In the long run, ICBM predicted a steady state value of 79,126 kg C ha−1 for the mixed hay stand, 96,148 kg C ha−1 for the alfalfa silage rotation, and 77,098 kg C ha−1 for the corn silage rotation, largely reflecting differences in residue input. While steady state is rarely if ever attained in ecosystems, because of shifting conditions and practices, these predictions illustrate the overall, long-term potential for these systems to capture and withhold carbon from the atmosphere.
ICBM is very responsive to carbon input from residues, especially those entering the soil below-ground. Improved estimates of the mass and turnover of roots and root-derived carbon from perennial crops would reduce uncertainty in current estimates of net GHG emissions from dairy systems, particularly those based on forage crops. Nevertheless, our findings demonstrate the potentially dominant influence that changes in soil carbon can impose on the overall carbon footprint of dairy production systems. The amount of soil carbon gained or lost depends on previous management practices [
66]; consequently, estimates of net CO
2 exchange from soil must be derived for local soils, conditions, and management practices.
4. Conclusions
Earlier, Hassanat et al. [
13] showed that lactating dairy cows fed a corn silage-based diet emitted 10% less enteric CH
4 per unit gross energy intake than cows on an alfalfa silage-based diet. Expanding the analysis to encompass the entire system—the entire dairy herd as well as the production of crops for feed and handling of manure—showed that enteric CH
4 was 6% lower for the corn silage-based system than for the alfalfa silage-based system. However, when all sources and GHGs were considered, the differences between the two forage systems on overall net GHG emissions of the dairy production system were minimal (<0.01%). Over the long-term, however, the alfalfa silage rotation had greater potential to store soil carbon than the corn silage rotation, though not enough to offset GHG emissions from dairy production. Our findings illustrate the importance of soil carbon changes in assessing overall carbon footprint of dairy systems, and the need for improved ways of predicting these changes.

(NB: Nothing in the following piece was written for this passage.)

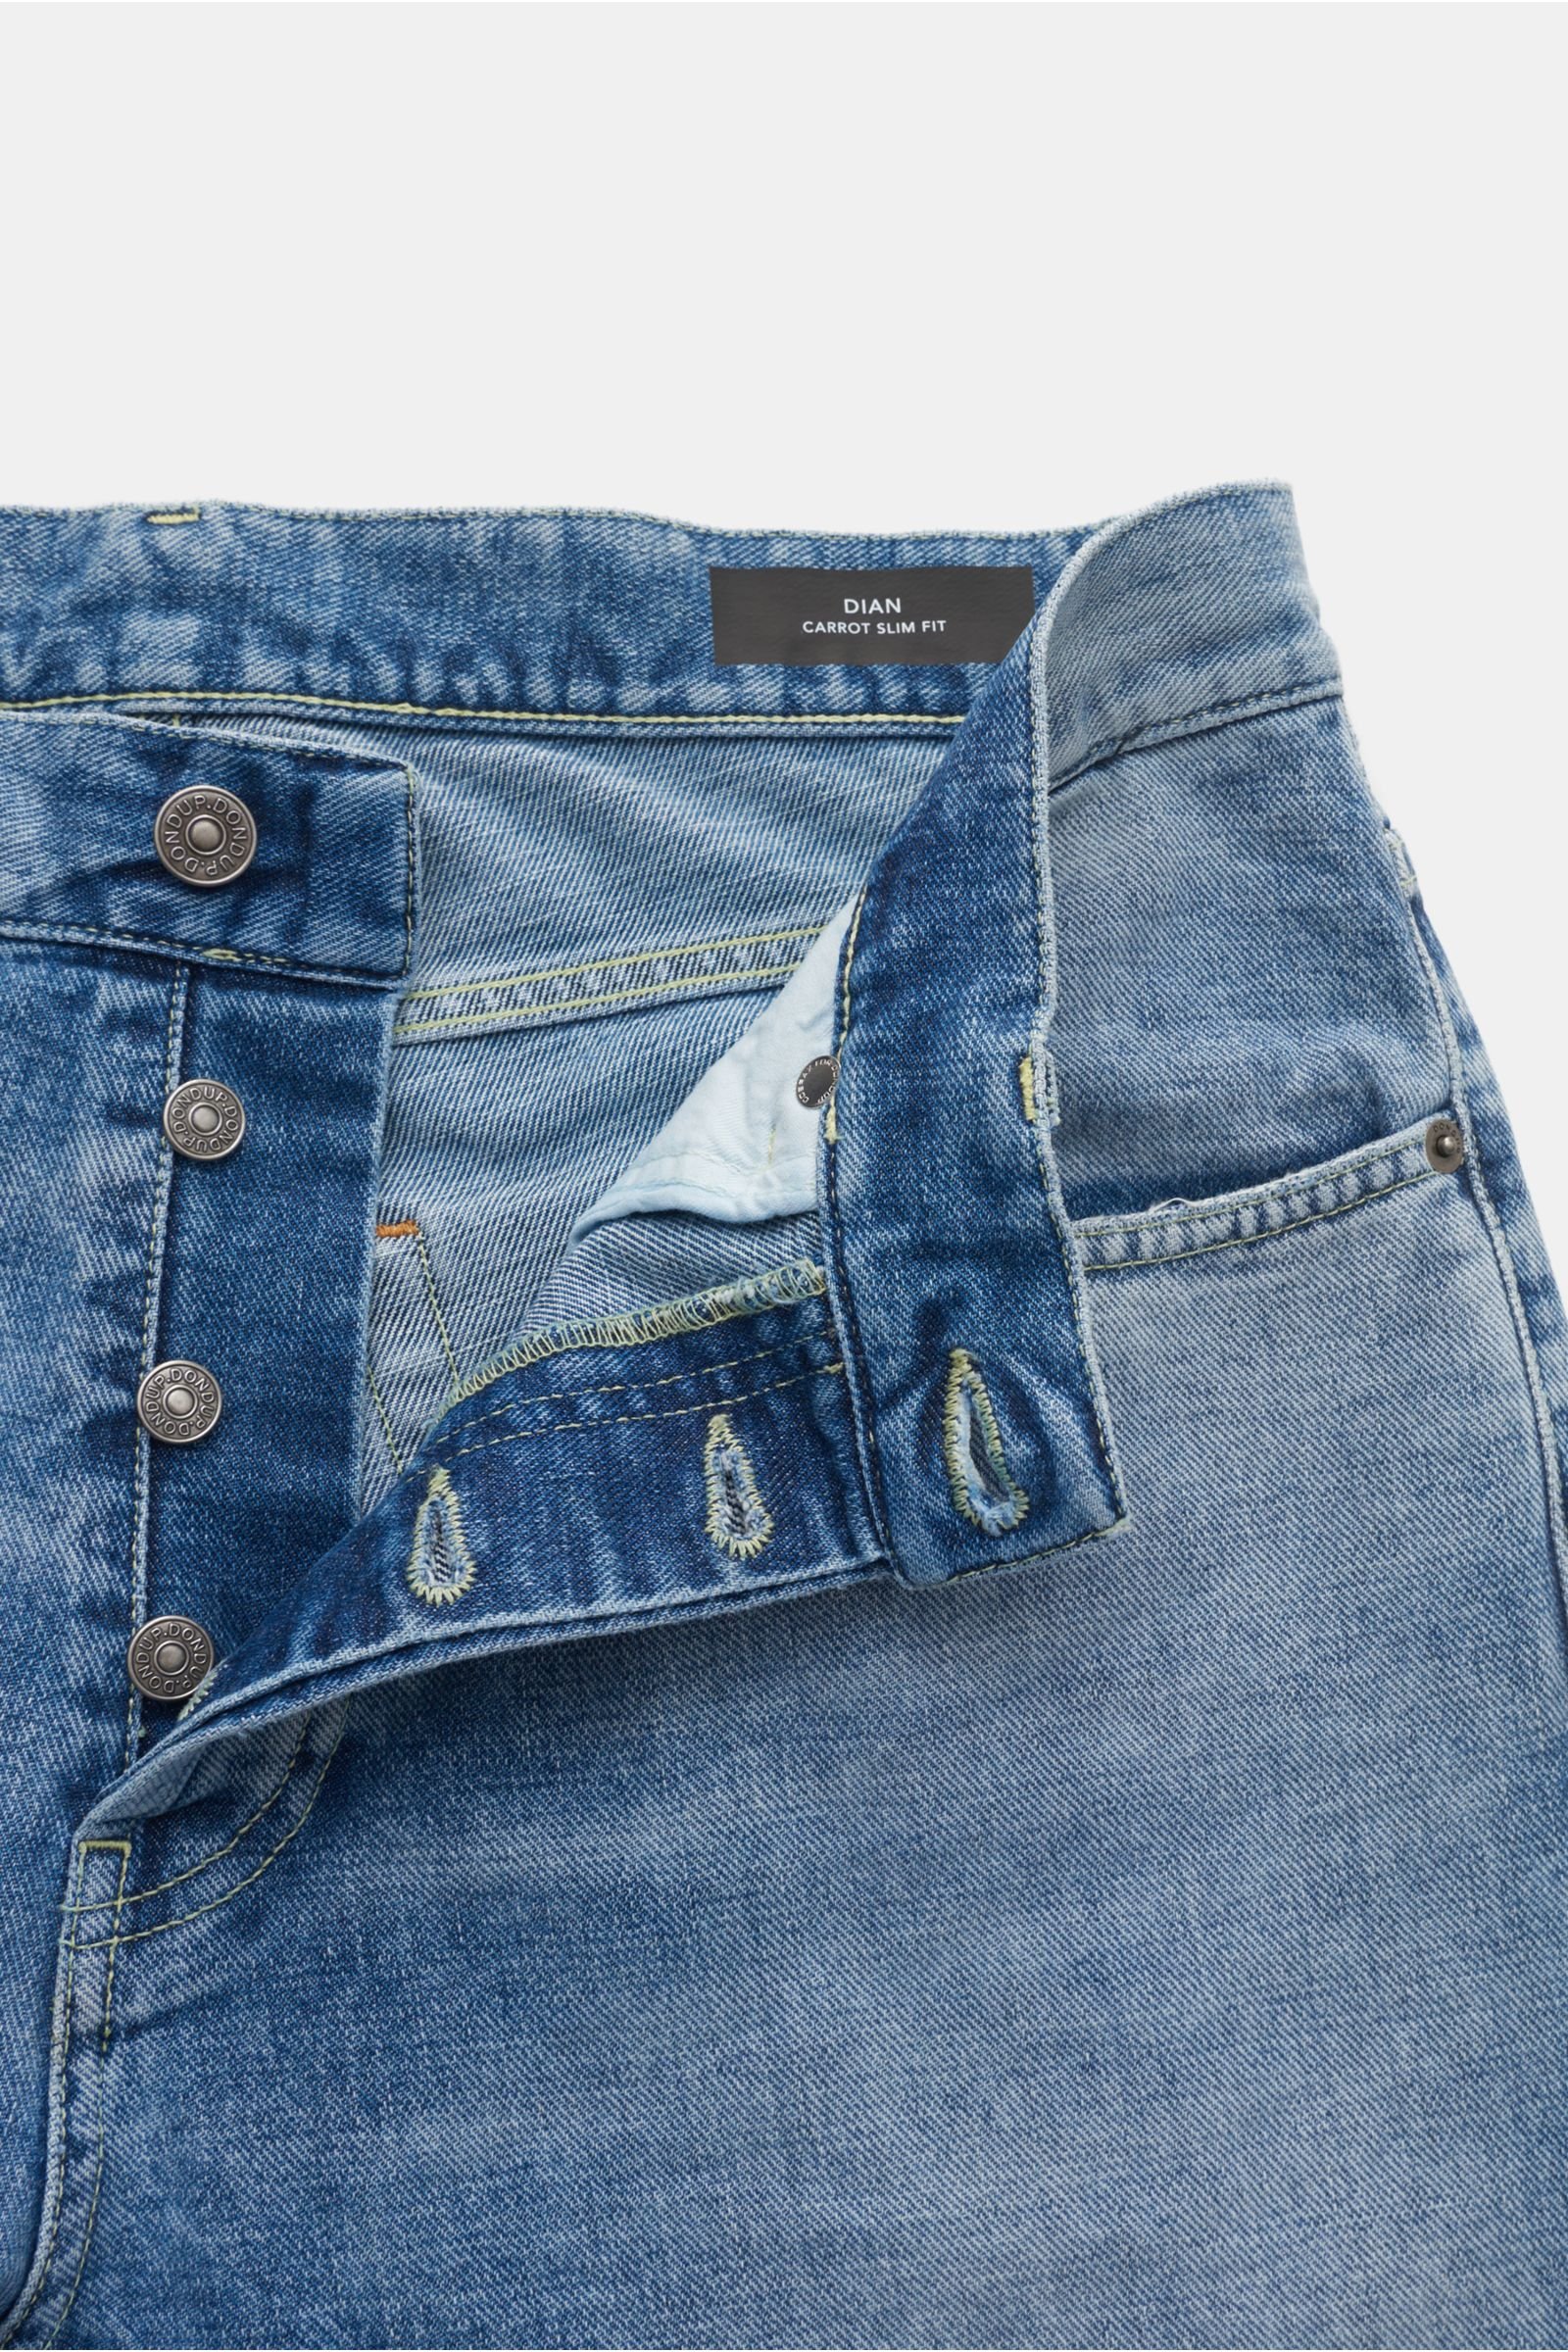 DONDUP jeans 'Dian Carrot Slim Fit' light blue | BRAUN Hamburg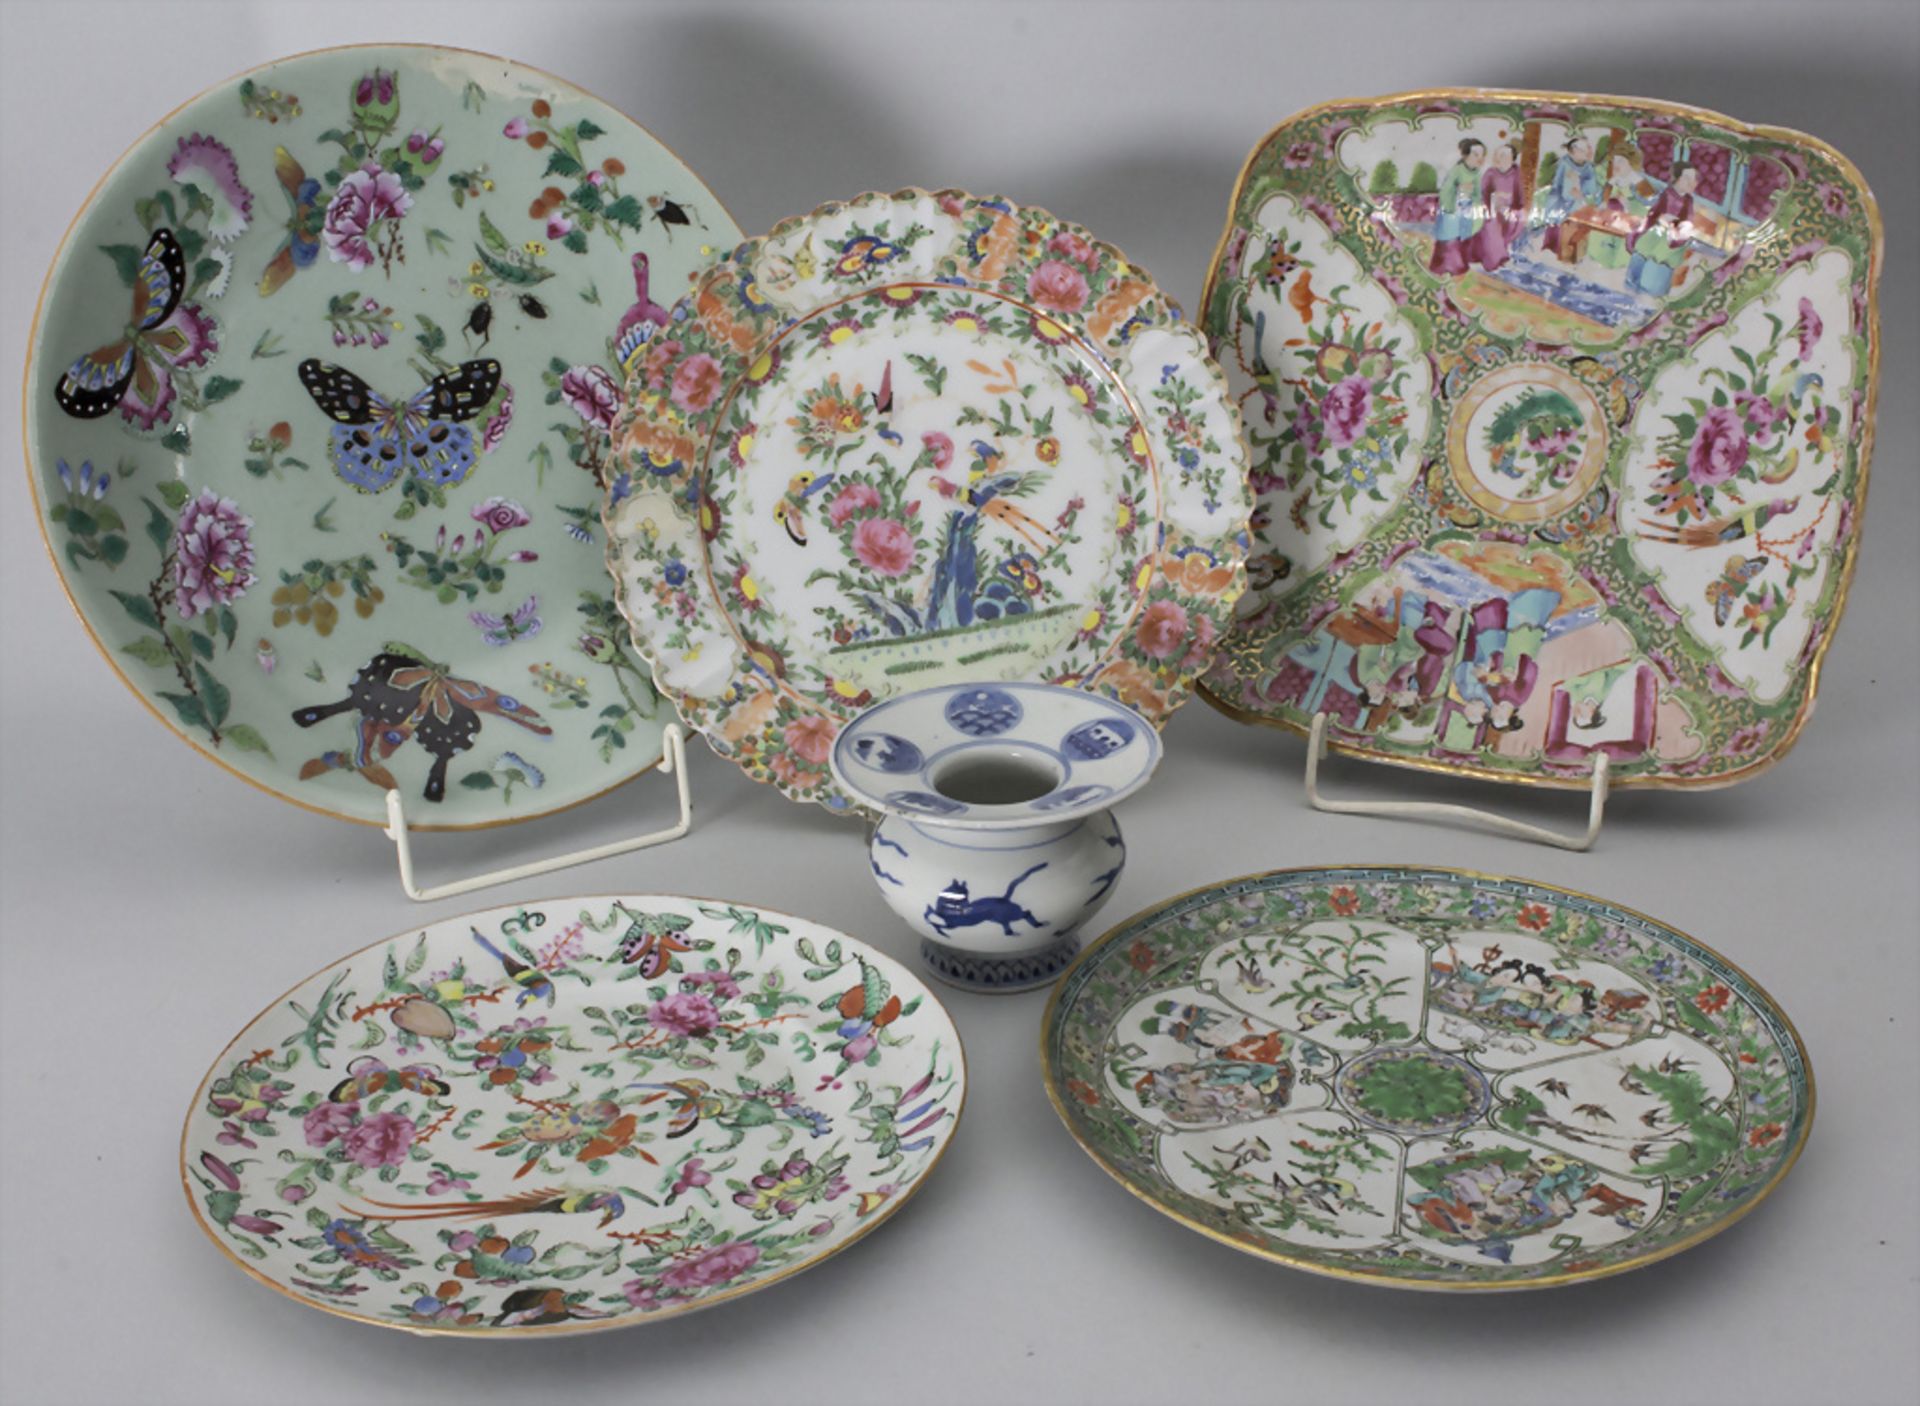 6-teiliges Konvolut Porzellan / A set of 6 pieces of porcelain, China

This study reinforces the merits of using a whole-systems or life cycle approach rather than focusing on single elements of a farm system without investigating interrelated effects of management choices. Reported GHG reduction factors cannot be simply combined additively, because interwoven effects of management choices cascade through the entire system, sometimes with counter-intuitive outcomes. A whole-systems approach is most likely to steer policy and management toward reduced GHG emissions and improved sustainability.